BigBadBruins7708
Registered User
I'll never understand - especially today (meaning, the last 25-30 years or so - how GAA is a team stat and save pct is an individual stat. They are both impacted, chiefly, by the exact same thing: goals against.
Save is the expected result. It has no real value to the game. However, the single biggest emotional influence on the game is a bad goal against. Every goalie is giving up two goals...so what difference does it make if you do it on 17 shots or 34 shots?
I remember an old argument about Ovechkin's shooting percentage back in the day...some folks calling him a "volume shooter" and remarking about how underwhelming that 10 or 11 (or whatever) percent scoring rate is...but my thought is: you'd be upset if Ovechkin was a 10% shooter on 1000 shots?

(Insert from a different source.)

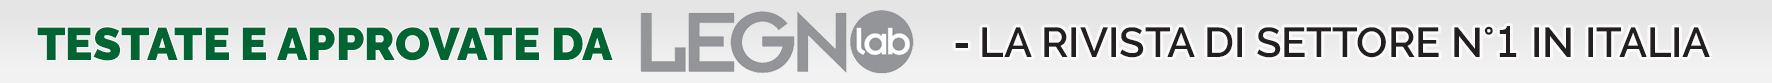 Testate e Approvate da Legnolab

Of course not.
It's a touch disingenuous maybe, but - generally speaking - no one gives a rat's behind about shots or shooting percentage for players...but somehow the same stat is considered gospel for goaltenders...

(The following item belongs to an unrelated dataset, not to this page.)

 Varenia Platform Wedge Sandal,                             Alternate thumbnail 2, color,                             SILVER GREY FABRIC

And then you throw in that, to some degree, teams can control the amount of shots they give up from a tactical perspective. Like the old Claude Julien Bruins were all about giving up perimeter shots, then they'd eat rebounds with some of the great box out men that they had...so, you sit there and allow long shots, you pump up save pct numbers for virtually any goalie that walked through the door...meanwhile, you look at some of the DPE Devils teams, they defended lines and fought against shots (back then, longer shots were still threatening). So NJ protected lines, more than their net, so that forced dump-ins, and limited shots. So, Brodeur takes a lot of flack for not having an amazing save pct. but that is not representative of his play...because, like I said, everyone gives up 2...so what choice did Brodeur have? He didn't give up 3, because otherwise, who cares...? No one's talking about the guy giving up 3. Should he have given up 1? Then there'd be no discussion, he'd be clearly the best ever.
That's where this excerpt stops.